Biomedical Signal Processing: This course focuses on the processing and analysis of biomedical signals. Students will study topics such as ECG, EEG, EMG, and other physiological signals. The course emphasizes practical implementation through laboratory sessions and project work. Learning outcomes include analyzing biomedical signals, applying signal processing techniques to healthcare applications, and developing biomedical signal processing algorithms.
Automation and Robotics: This course introduces students to the principles of automation and robotics. Students will study topics such as control systems, sensor technology, robot kinematics, and industrial automation. The course combines theoretical knowledge with practical laboratory sessions and project work. Learning outcomes include designing automated systems, understanding robotic applications, and applying automation principles in engineering.

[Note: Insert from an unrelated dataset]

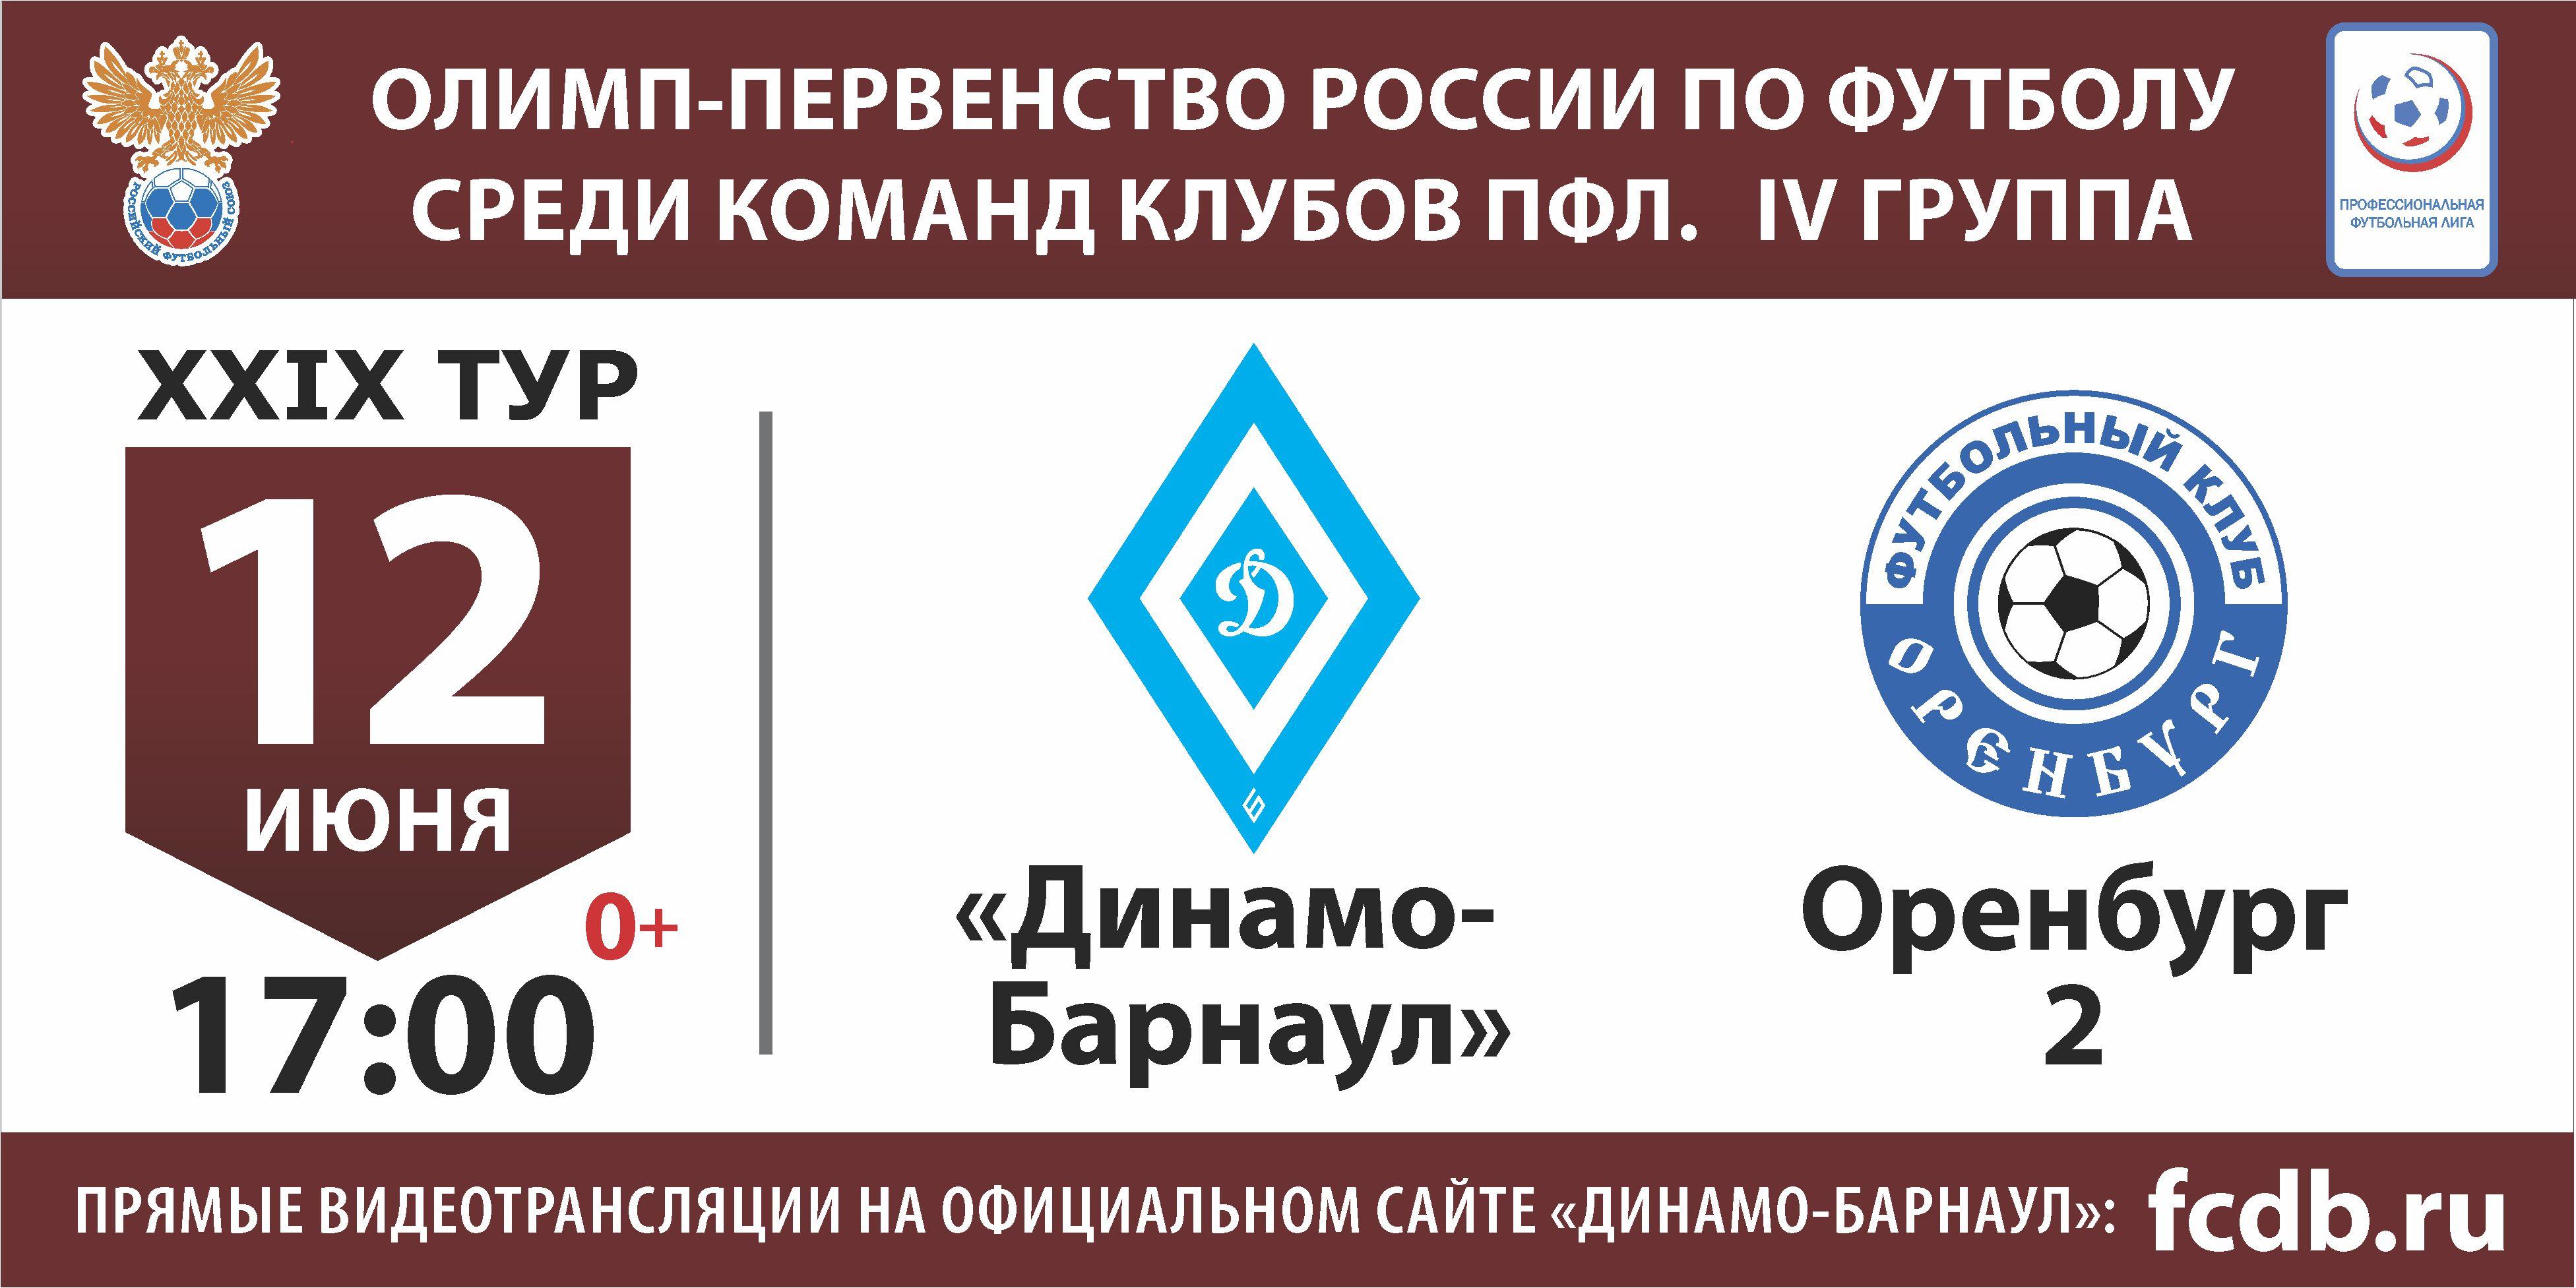 ДИНАМО ОРИЕНБУРГ-2 _12 ИЮНЯ_3Х6

Capstone Project I: This course provides students with an opportunity to work on a comprehensive engineering project under faculty supervision. Students will select a project topic, conduct literature review, design project methodology, and develop project deliverables. The course emphasizes teamwork, project management, and technical communication skills. Learning outcomes include applying engineering principles to solve real-world problems, working effectively in teams, and presenting technical concepts clearly.

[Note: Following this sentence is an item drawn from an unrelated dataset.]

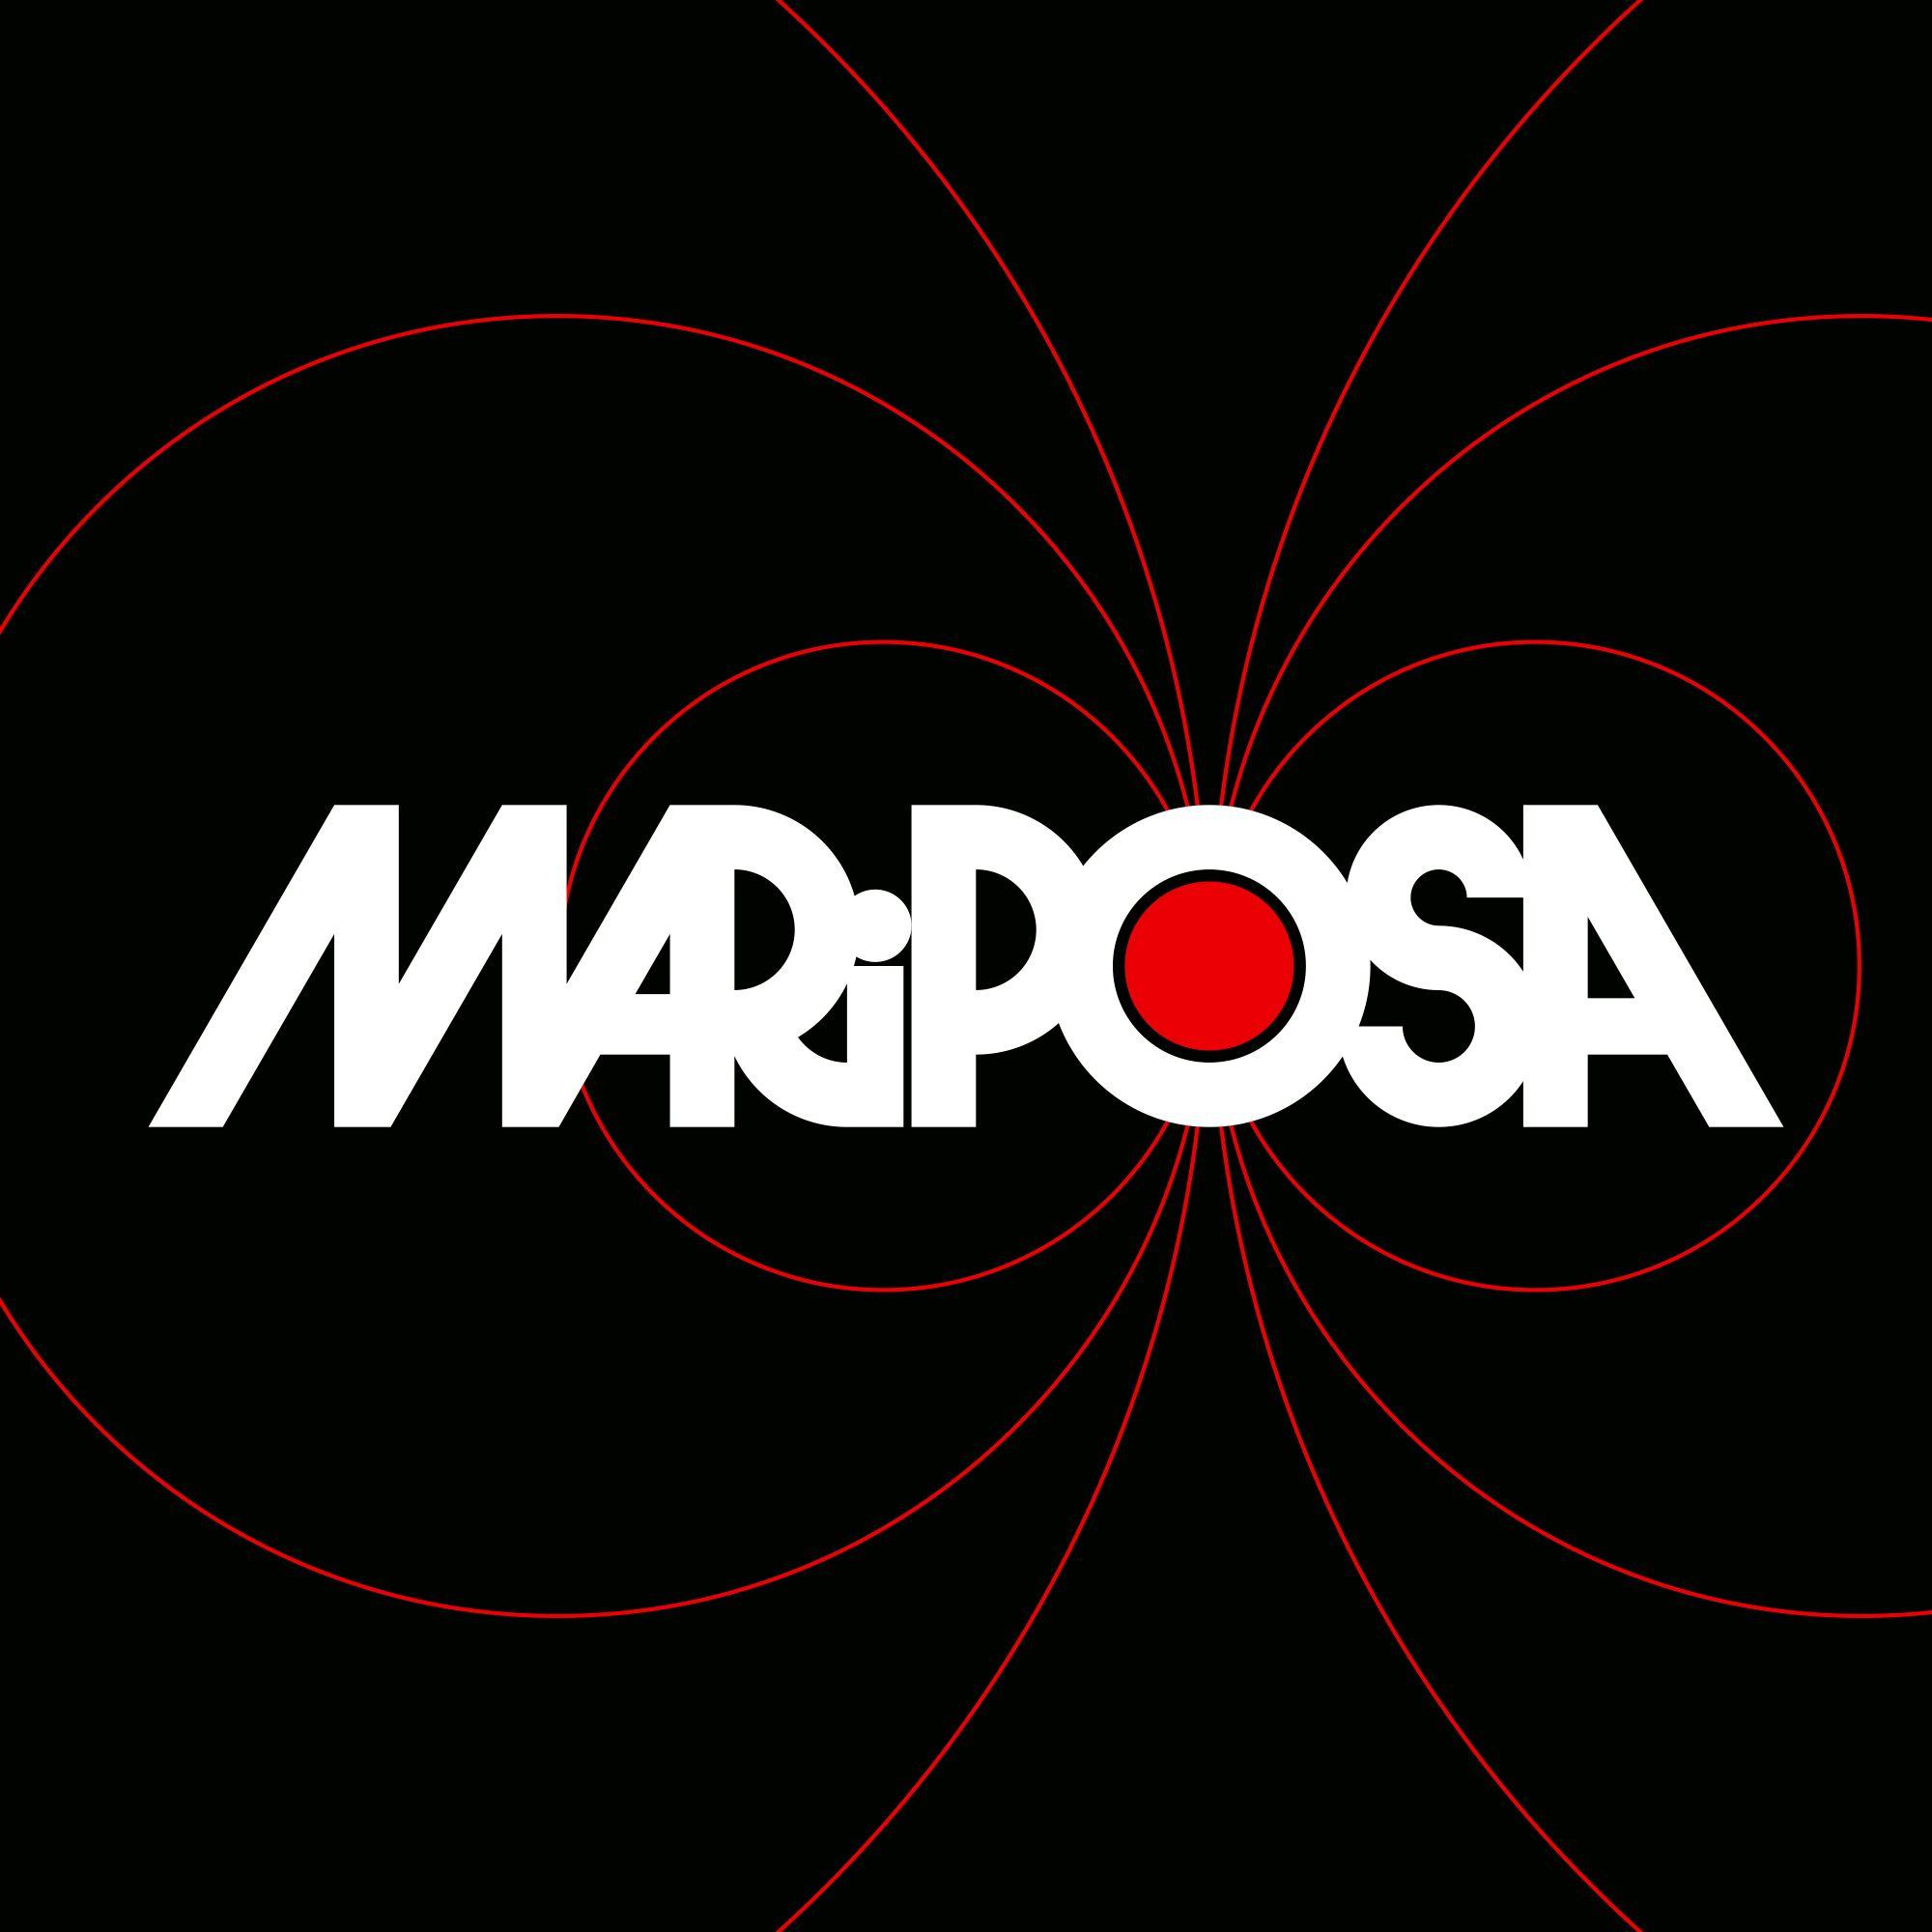 Mariposa by Michael Buchino

Project-Based Learning Philosophy
The department's philosophy on project-based learning is rooted in the belief that hands-on experience is essential for developing competent engineers who can adapt to the dynamic demands of industry. Project-based learning encourages students to apply theoretical knowledge to practical problems, fostering innovation, critical thinking, and problem-solving skills.
The mandatory mini-projects in the second and third years provide students with opportunities to explore specific engineering concepts and develop practical skills. These projects are typically completed in teams and involve research, design, implementation, and presentation phases. Students work under the guidance of faculty mentors who provide technical support and feedback throughout the project lifecycle.
The final-year thesis or capstone project is a significant undertaking that allows students to demonstrate their expertise in a specialized area of engineering. Students select projects based on their interests and career aspirations, often collaborating with industry partners. The project involves extensive research, design, implementation, and documentation phases. Faculty mentors guide students through each stage of the project, ensuring that they meet academic standards and industry expectations.
Project selection is a collaborative process involving faculty mentors and students. Students are encouraged to propose project ideas based on their interests and available resources. The department provides guidelines for project proposal submission, including criteria for feasibility, relevance, and academic rigor. Faculty members evaluate project proposals and assign mentors based on expertise and availability.